• **Instructions to follow**:
Your output should be the lines from the one containing "Shakti Chakra: the Energy Cycle" through the end of the listing, exact and inclusive, with no pictures.

• **Data shown**:

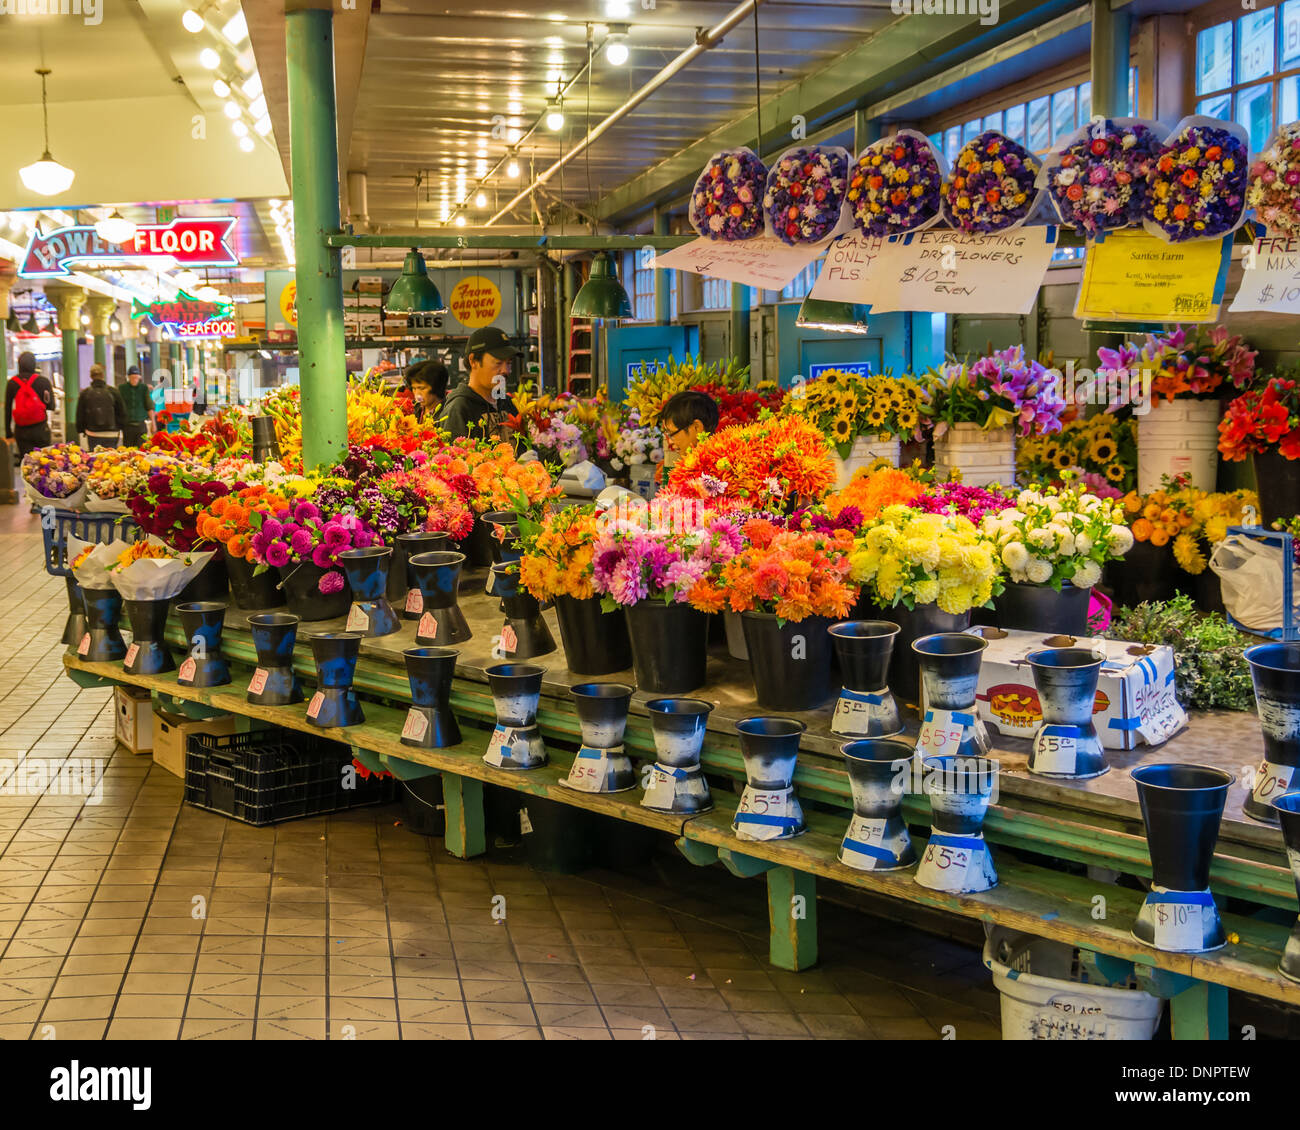 Flower market stall with fresh flowers on display Pike Place Market Seattle, Washington, USA Stock Photo
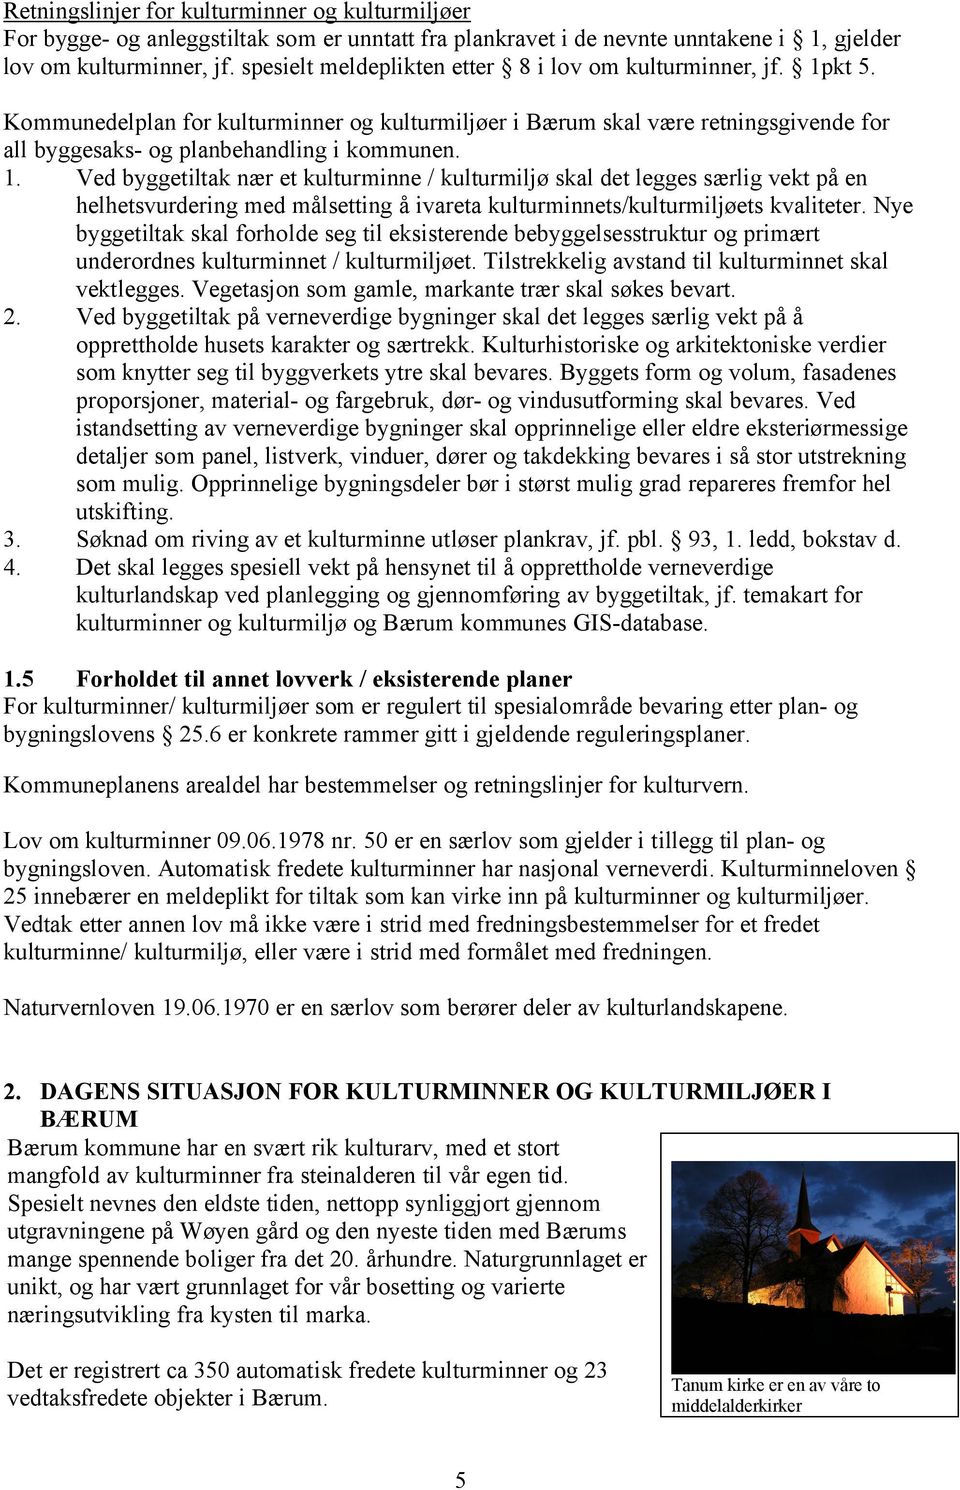 kt 5. Kommunedelplan for kulturminner og kulturmiljøer i Bærum skal være retningsgivende for all byggesaks- og planbehandling i kommunen. 1.
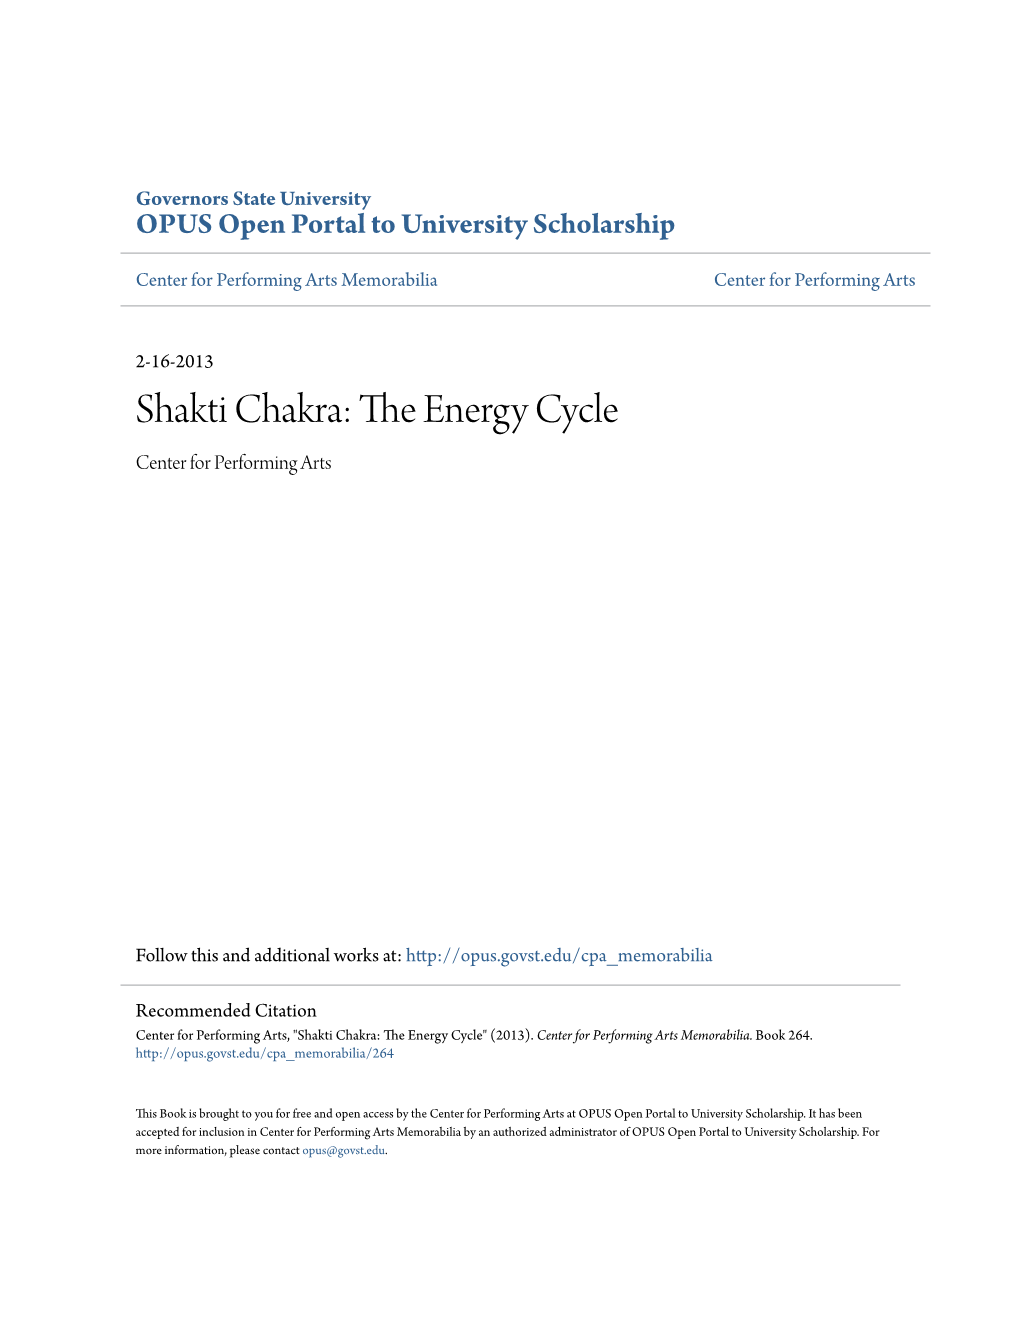 Shakti Chakra: the Energy Cycle
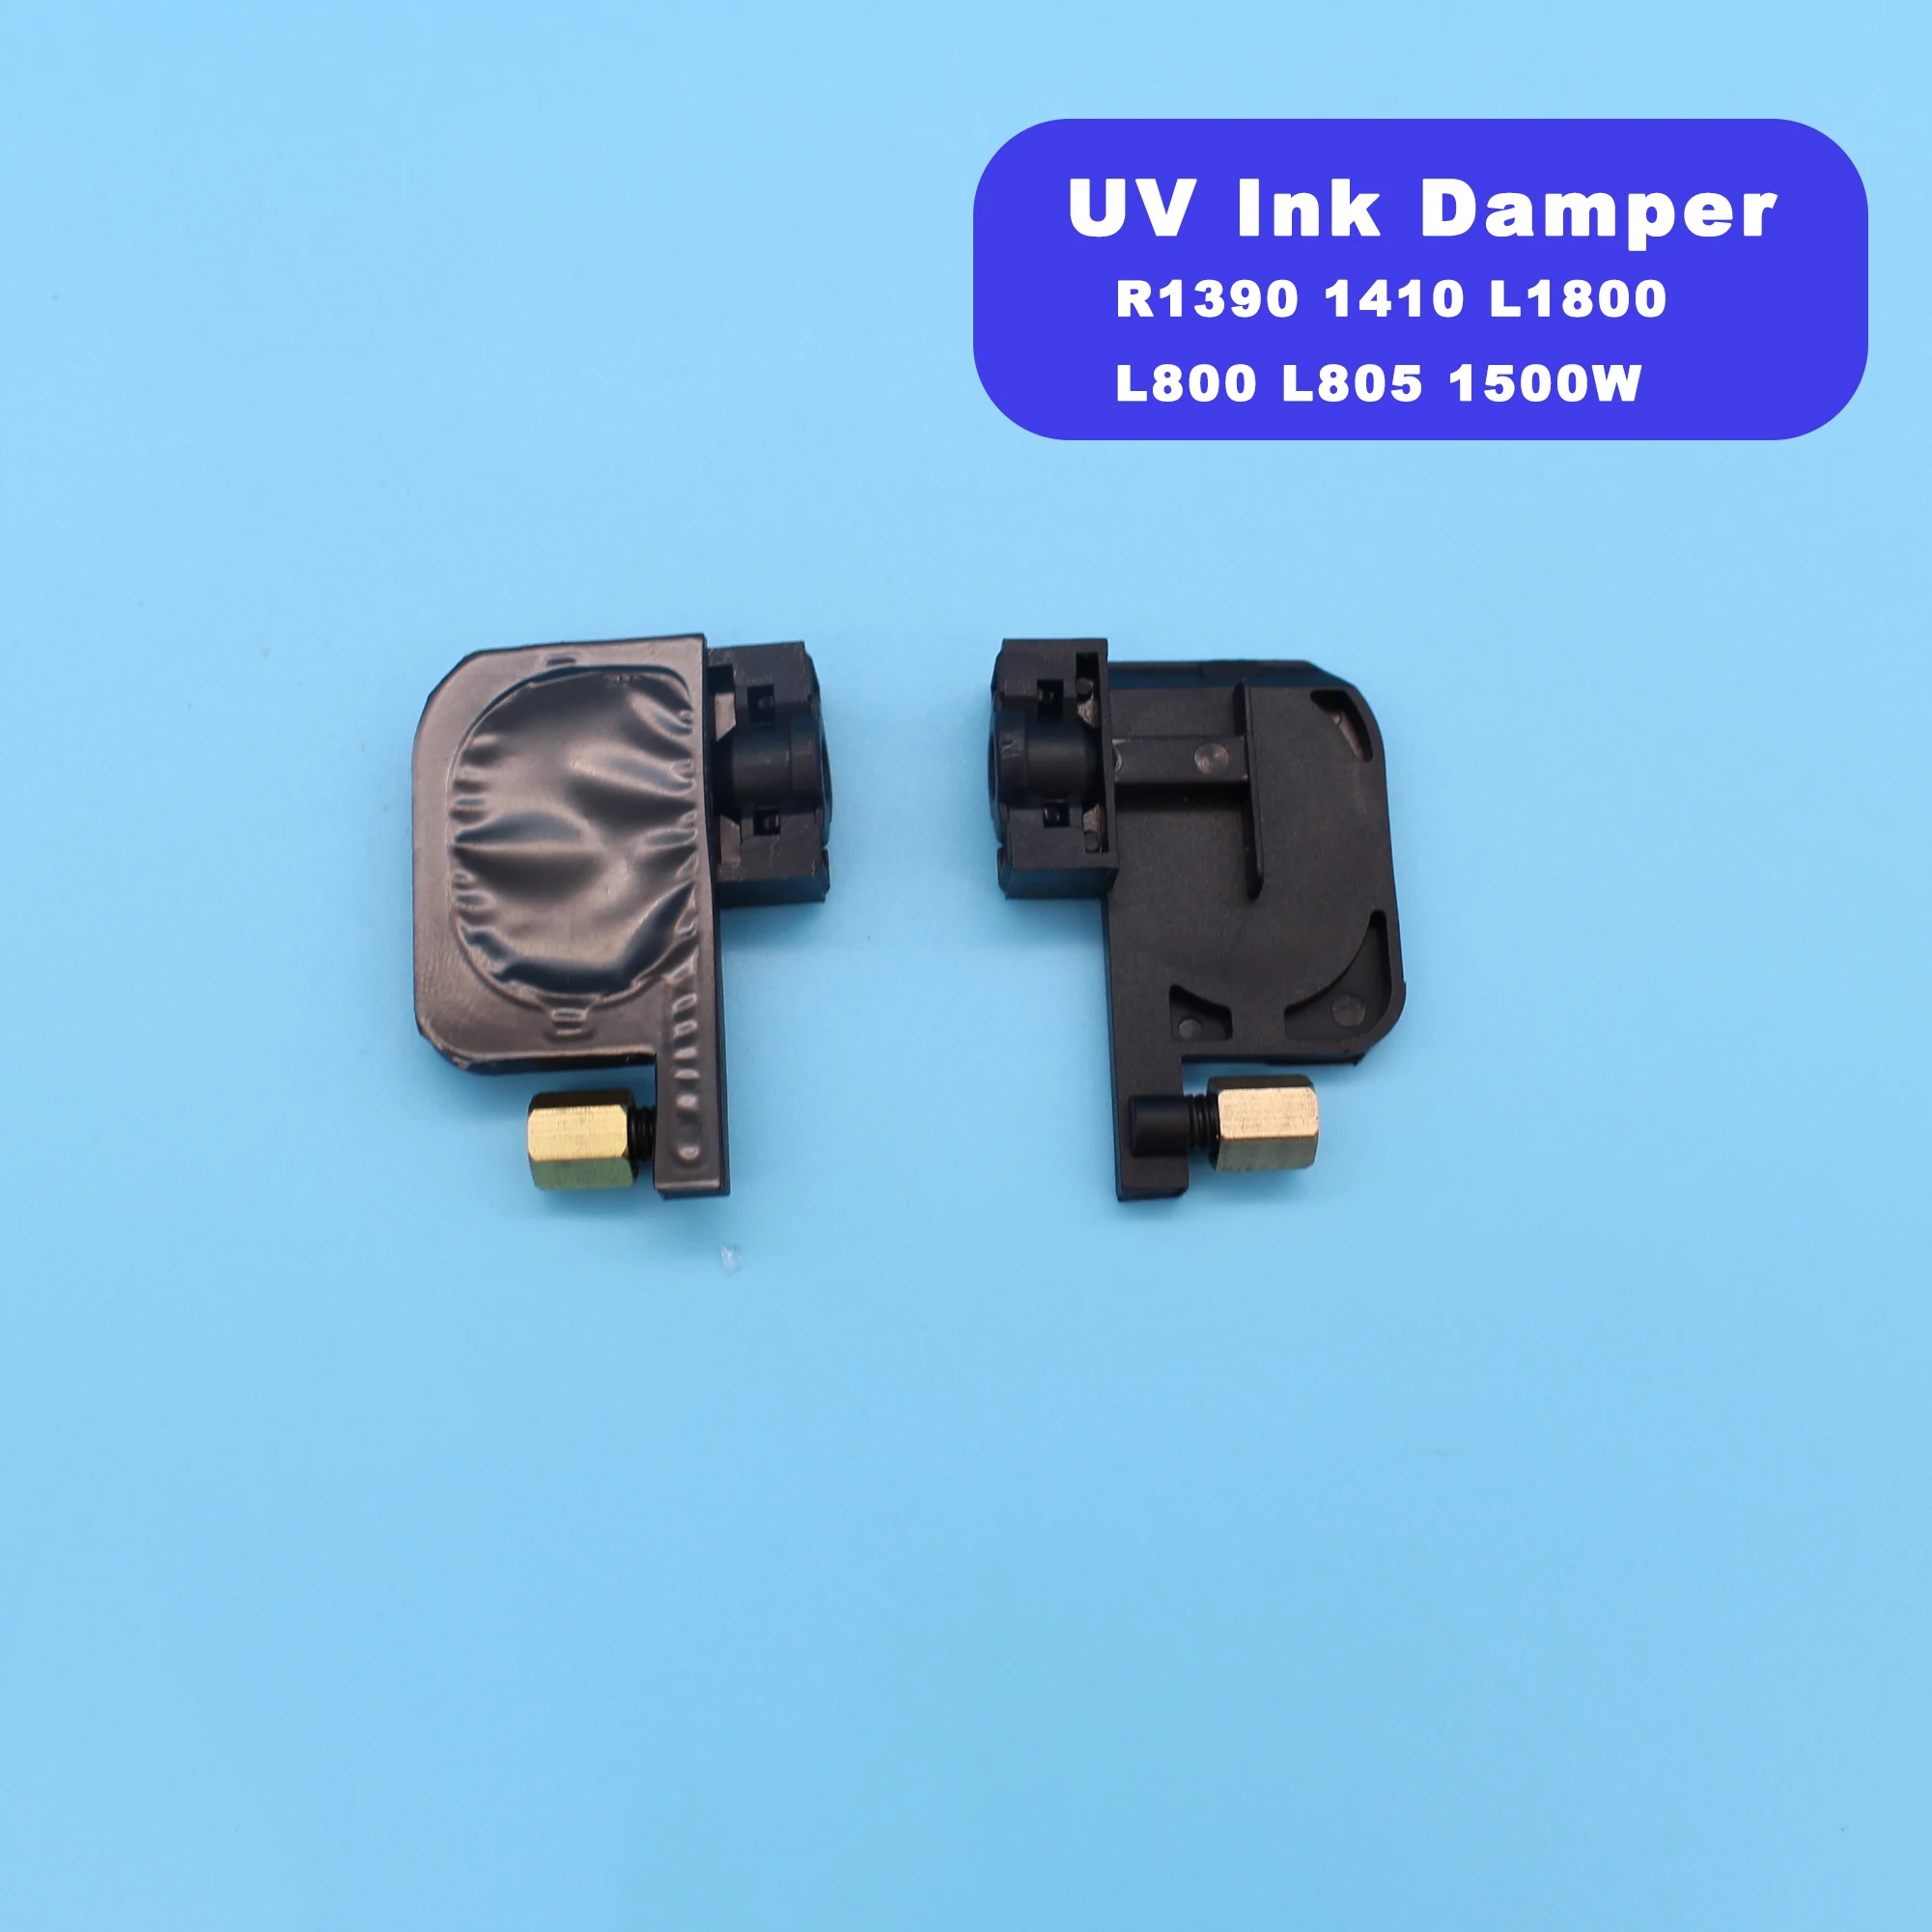 20 PCS UV Ink Damper square for Epson L1800 L800 L805 L850 A50 T50 T60 1400 1410 1390 1430 1500W Printer Dumper Filter

• **Result below**:
 Shakti Chakra: the Energy Cycle
 20 PCS UV Ink Damper square for Epson L1800 L800 L805 L850 A50 T50 T60 1400 1410 1390 1430 1500W Printer Dumper Filter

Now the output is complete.